Figure 1 The original image and its boundingBox
Algorithm idea:
extract contours -> calculate the distance between the contours -> connect two contours smaller than the threshold T -> find the convex hull and fill it
Figure 2 Connecting adjacent regions (blue lines) and corresponding convex hulls
It is obvious from Figure 2 that this method reduces the irrelevant area compared to the way of merging boundingBox.

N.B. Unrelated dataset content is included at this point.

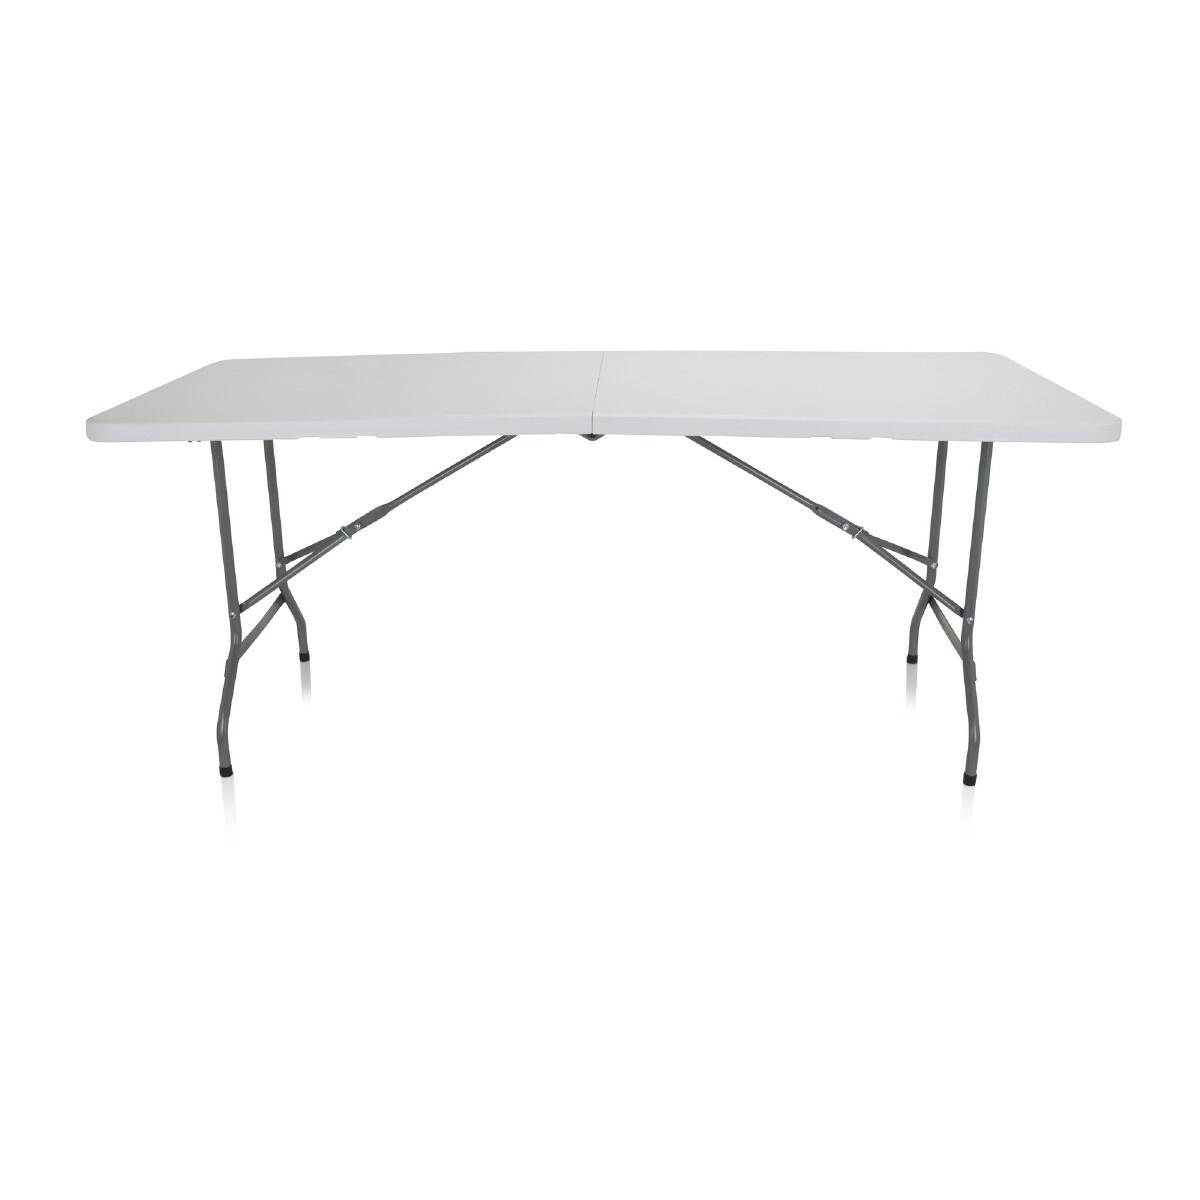 Hjh Office Table pliante EASY UP MULTI I 180 x 74 cm plastique blanc hjh OFFICE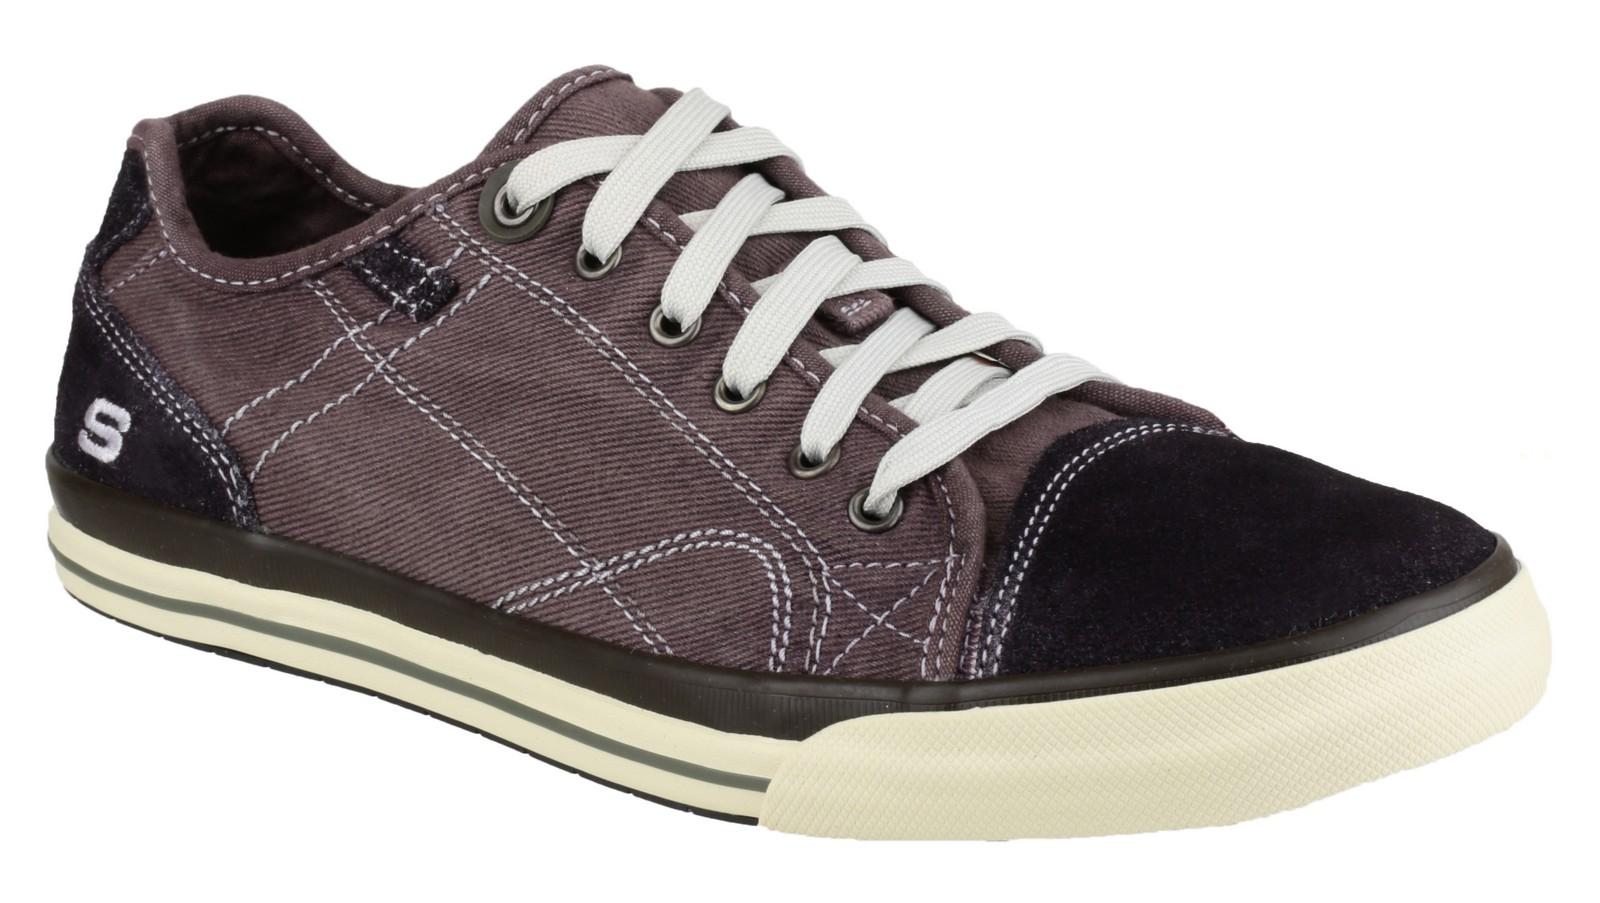 680bbc5b6401 Skechers Diamond Back Levon Men s Shoes

The complete implementation code is as follows:
vector<Point> GetPoint(vector<Point> contour)
{
cv::Rect rect = cv::boundingRect(cv::Mat(contour));
Point up, down, left, right;
up.x = rect.x + rect.width / 2;
up.y = rect.y;
vector<Point> p1;
p1.push_back(up);
down.x = rect.x + rect.width / 2;
down.y = rect.y + rect.height;
p1.push_back(down);
left.x = rect.x;
left.y = rect.y + rect.height / 2;
p1.push_back(left);
right.x = rect.x + rect.width;
right.y = rect.y + rect.height / 2;
p1.push_back(right);
return p1;
}
void ConnectNearRegion()
{
Mat src = imread("D:\\PyProject01\\images\\metal.png");
Mat gray, imageBw;
cvtColor(src, gray, CV_BGR2GRAY);
threshold(gray, imageBw, 0, 255, CV_THRESH_BINARY);
//腐蚀
/*cv::Mat element = cv::getStructuringElement(MORPH_RECT, Size(3, 3));
Mat metalMask;
cv::erode(imageBw, metalMask, element);*/
vector<vector<Point>> boundingPoints;
vector<vector<Point>> contours;
vector<Vec4i> hierarchy;
findContours(imageBw, contours, hierarchy, CV_RETR_EXTERNAL, CHAIN_APPROX_SIMPLE, Point());
//每个轮廓都只提取四个点
for (int i = 0; i < contours.size(); ++i)
{
vector<Point> p1 = GetPoint(contours[i]);
boundingPoints.push_back(p1);
}
//计算轮廓间的距离
for (int i = 0; i < contours.size(); ++i)
{
cv::Rect rect = cv::boundingRect(cv::Mat(contours[i]));
//rectangle(imageBw, rect, Scalar(200,0,255), 1);
vector<Point> p1 = contours[i]; // boundingPoints[i];
for (int i1 = i+1; i1 < contours.size(); ++i1)
{
vector<Point> p2 = contours[i1];// boundingPoints[i1];
//分别求p1和p2的四个点距离
float T = 10;
int flag = 0;
for (int i2 = 0; i2 < p1.size(); i2++)
{
for (int i3 = 0; i3 < p2.size(); i3++)
{
float d = sqrt(pow(float(p1[i2].x - p2[i3].x), 2) + pow(float(p1[i2].y - p2[i3].y), 2));
if (d < T)
{
line(imageBw, p1[i2], p2[i3], Scalar(255, 0, 0), 1, LINE_AA, 0);
flag = 1;
break;
}
}
if (flag)
break;
}
}
}
imshow("", imageBw);
waitKey();
//find convex
vector<vector<Point>> contours2;
vector<Vec4i> hierarchy2;
//find image contours
findContours(imageBw, contours2, hierarchy2, RETR_TREE, CHAIN_APPROX_SIMPLE, Point());
vector<vector<Point>>hull2(contours2.size());
//get convex
Mat filling = Mat::zeros(imageBw.size(), CV_8UC1);
for (int i = 0; i < contours2.size(); i++)
{
convexHull(Mat(contours2[i]), hull2[i], false);
fillPoly(filling, hull2[i], Scalar(255));
}
imshow("", filling);
waitKey();
}